- _Data to examine_
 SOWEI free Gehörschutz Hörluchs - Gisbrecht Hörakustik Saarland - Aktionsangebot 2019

--

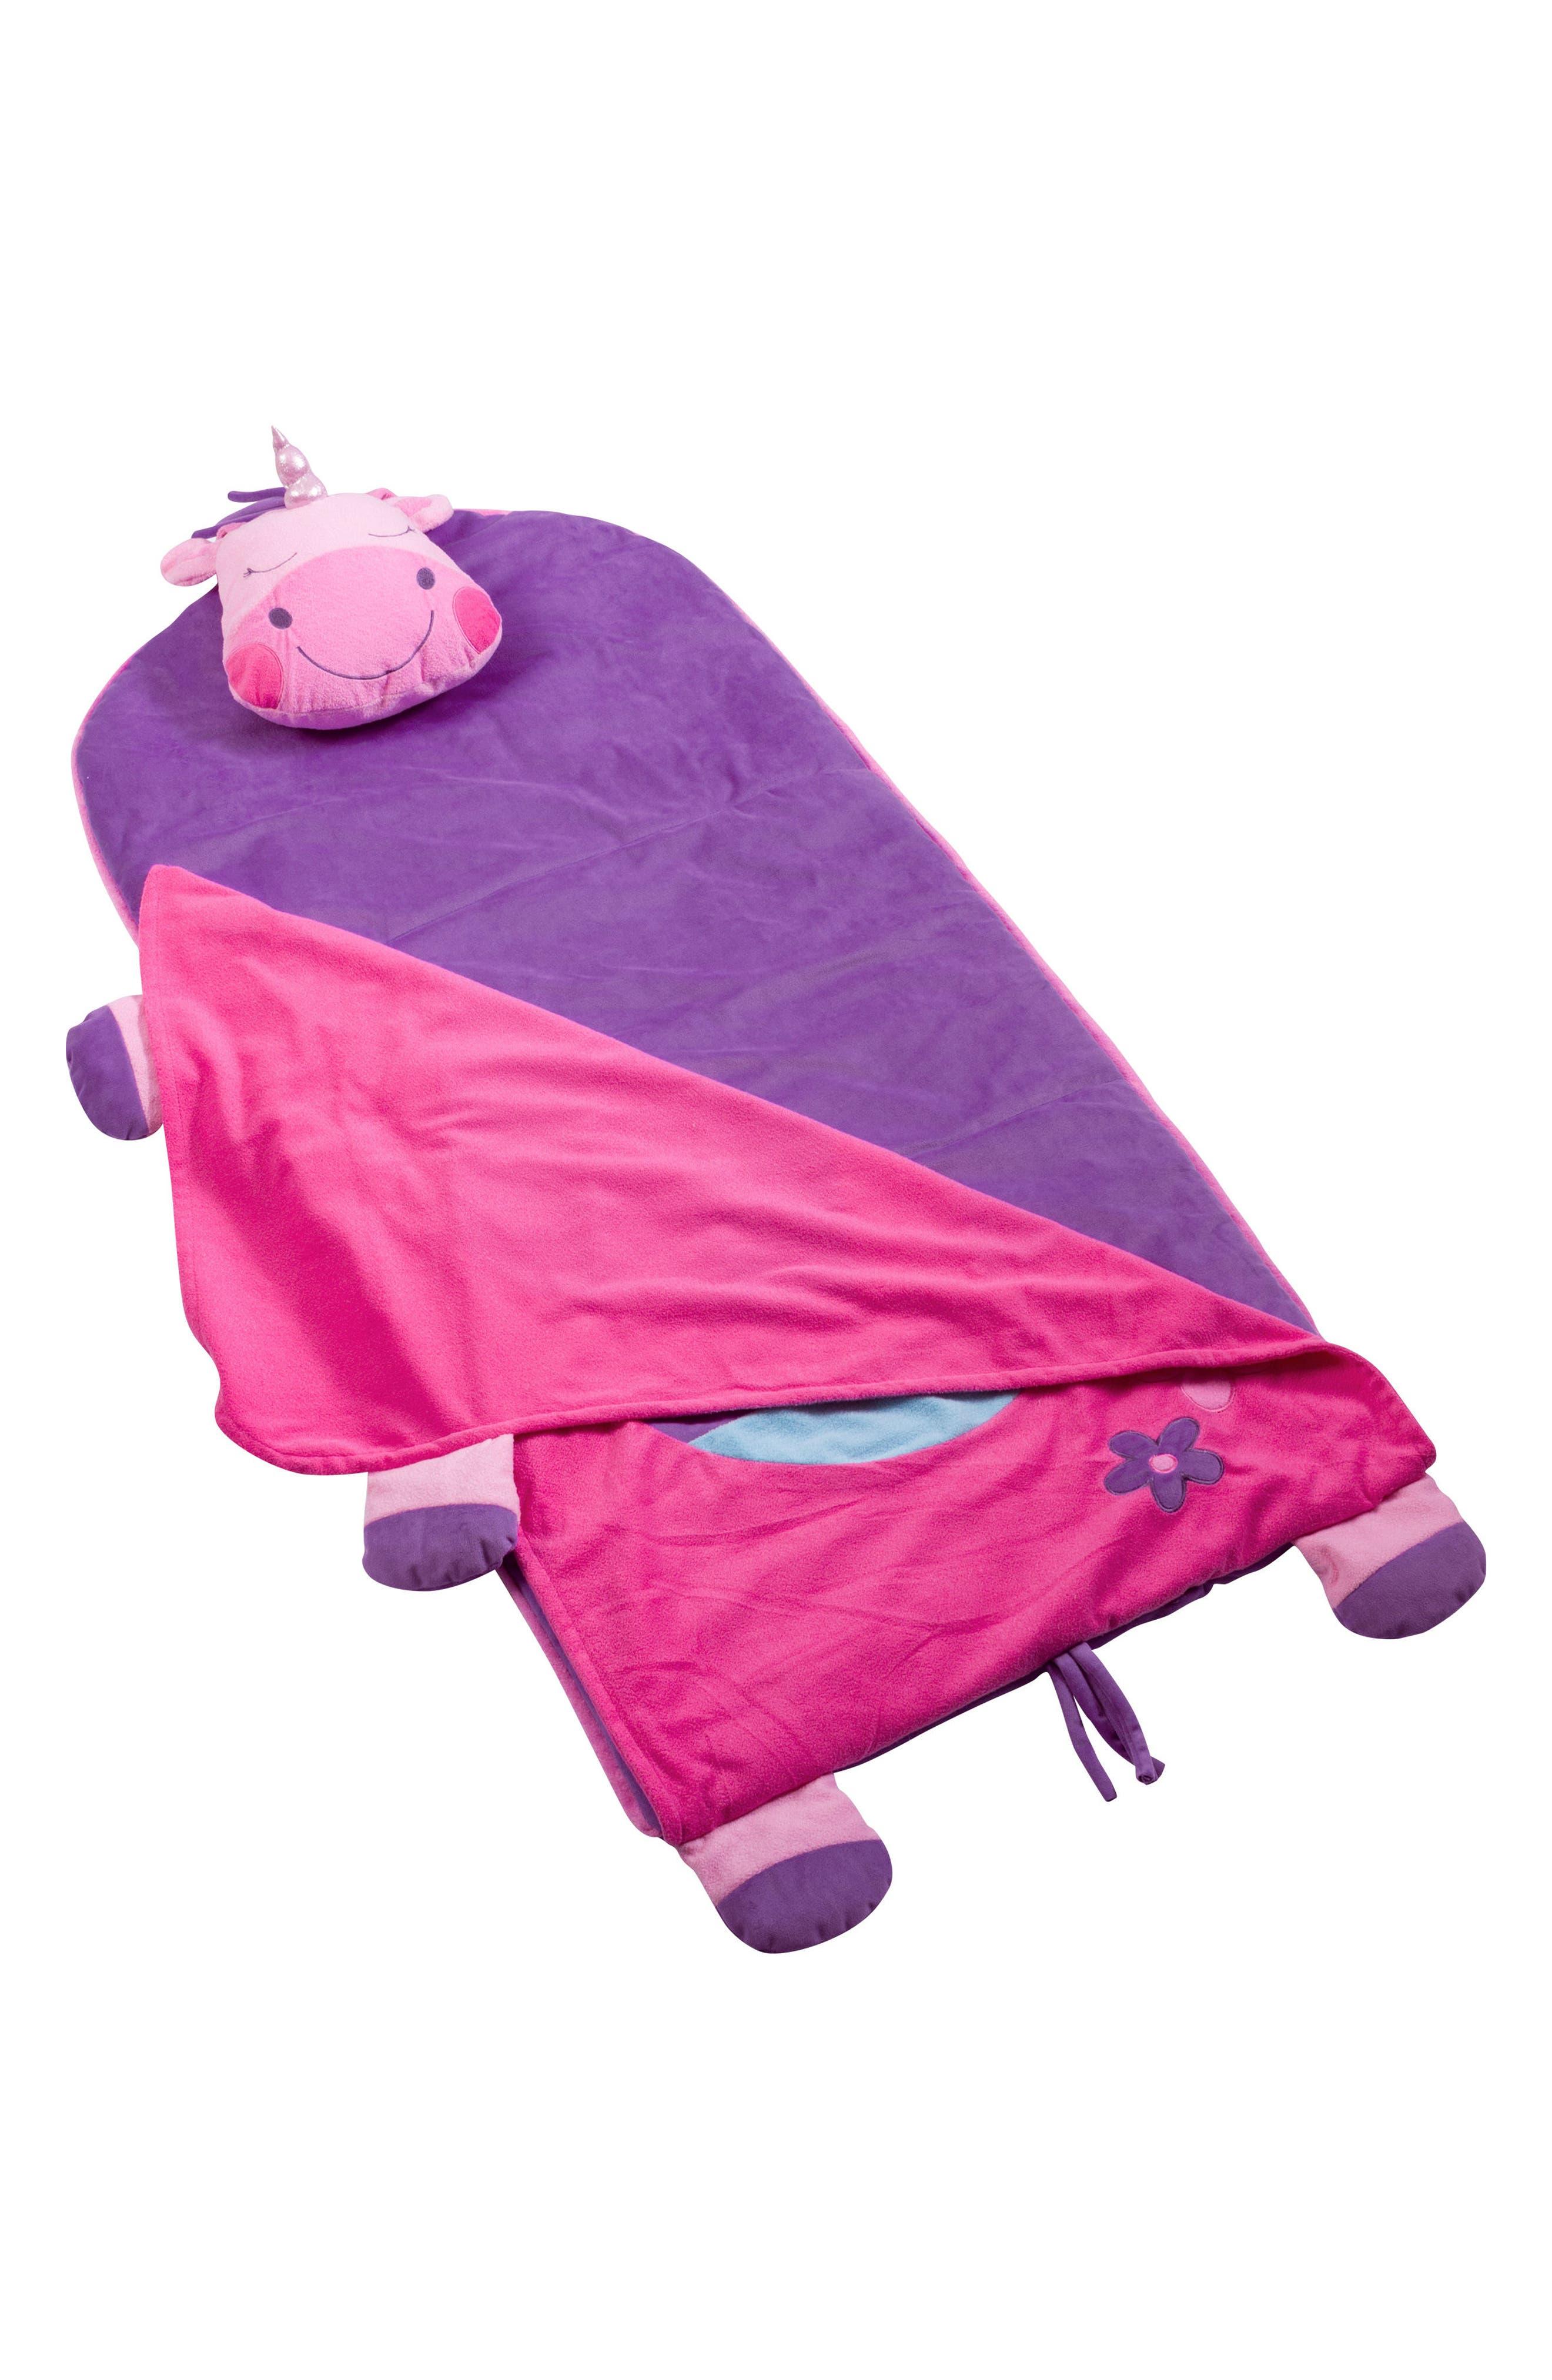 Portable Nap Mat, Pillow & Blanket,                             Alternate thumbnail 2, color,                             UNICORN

* * *

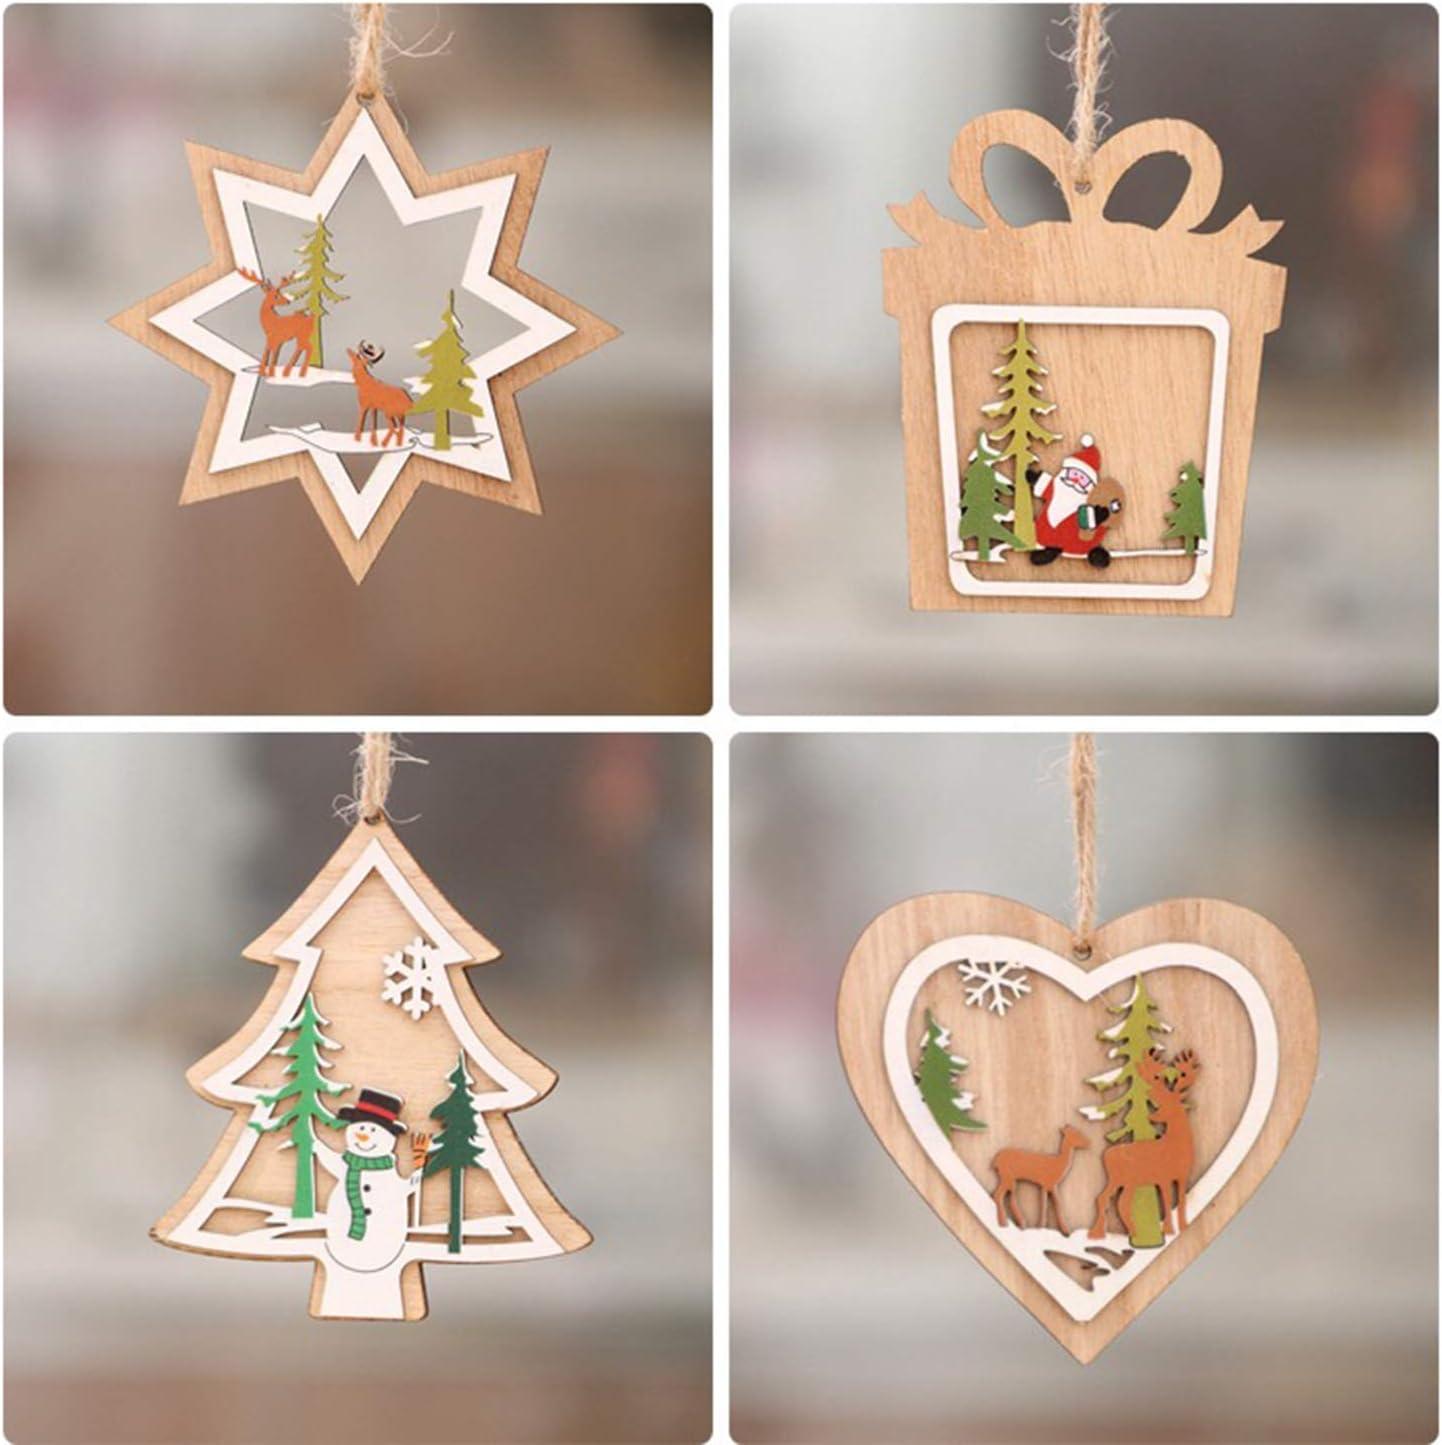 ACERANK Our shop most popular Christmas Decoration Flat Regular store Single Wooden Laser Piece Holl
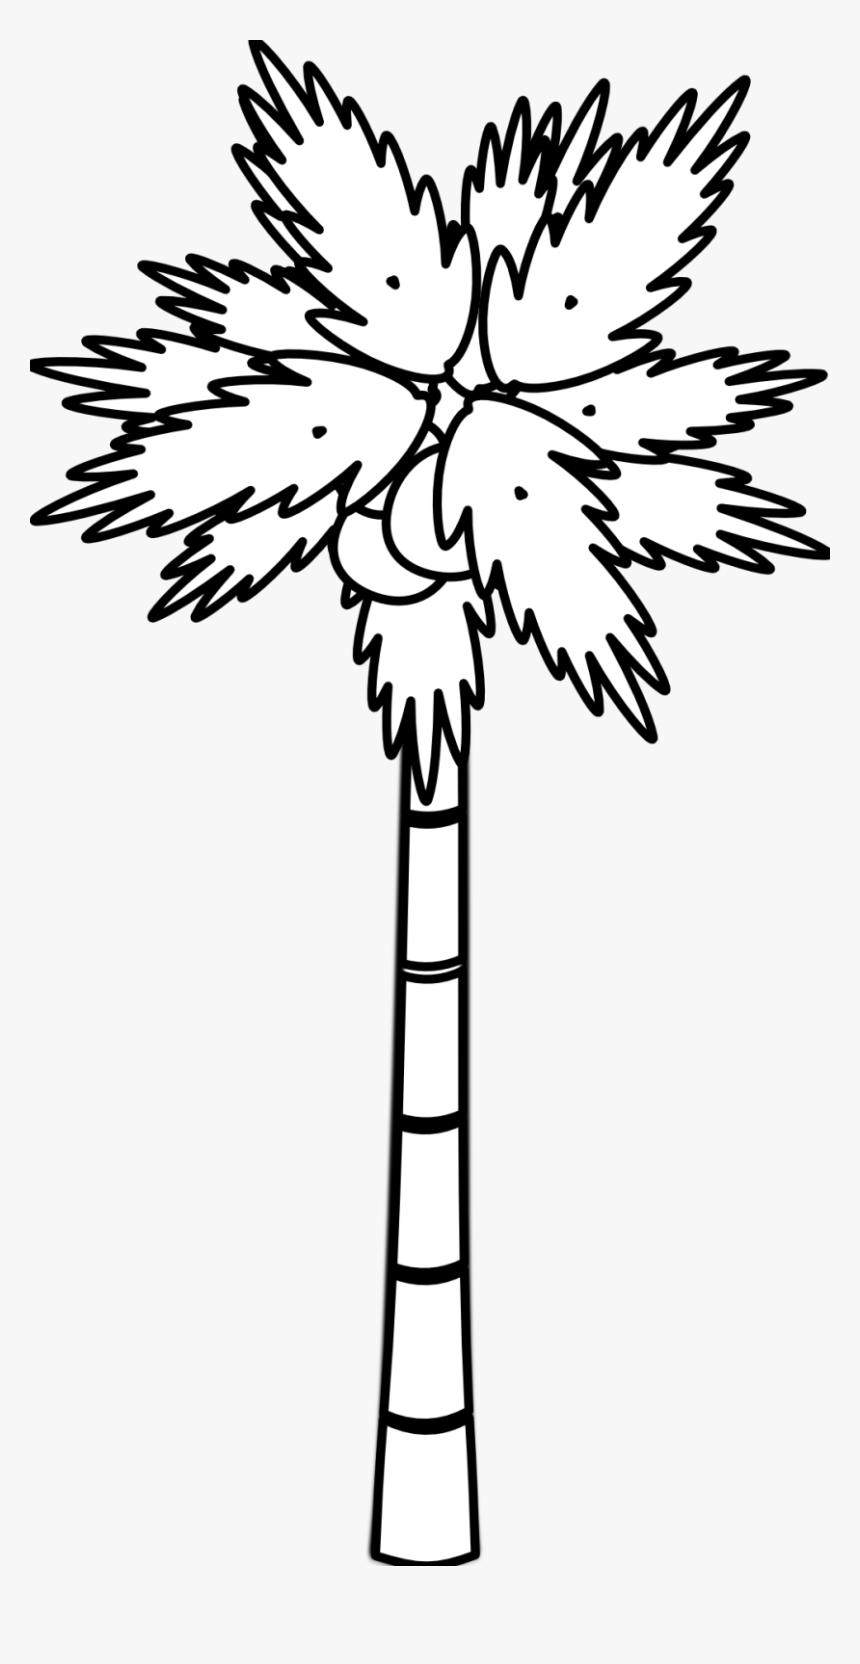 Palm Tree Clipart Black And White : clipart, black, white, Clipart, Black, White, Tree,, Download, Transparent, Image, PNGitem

- _What to do_
From the records above, output only the lines starting at the one containing "ACERANK Our shop" and ending at the one containing "Palm Tree Clipart", word for word. Pictures stay out.

- _Exercise output_
 ACERANK Our shop most popular Christmas Decoration Flat Regular store Single Wooden Laser Piece Holl
 Palm Tree Clipart Black And White : clipart, black, white, Clipart, Black, White, Tree,, Download, Transparent, Image, PNGitem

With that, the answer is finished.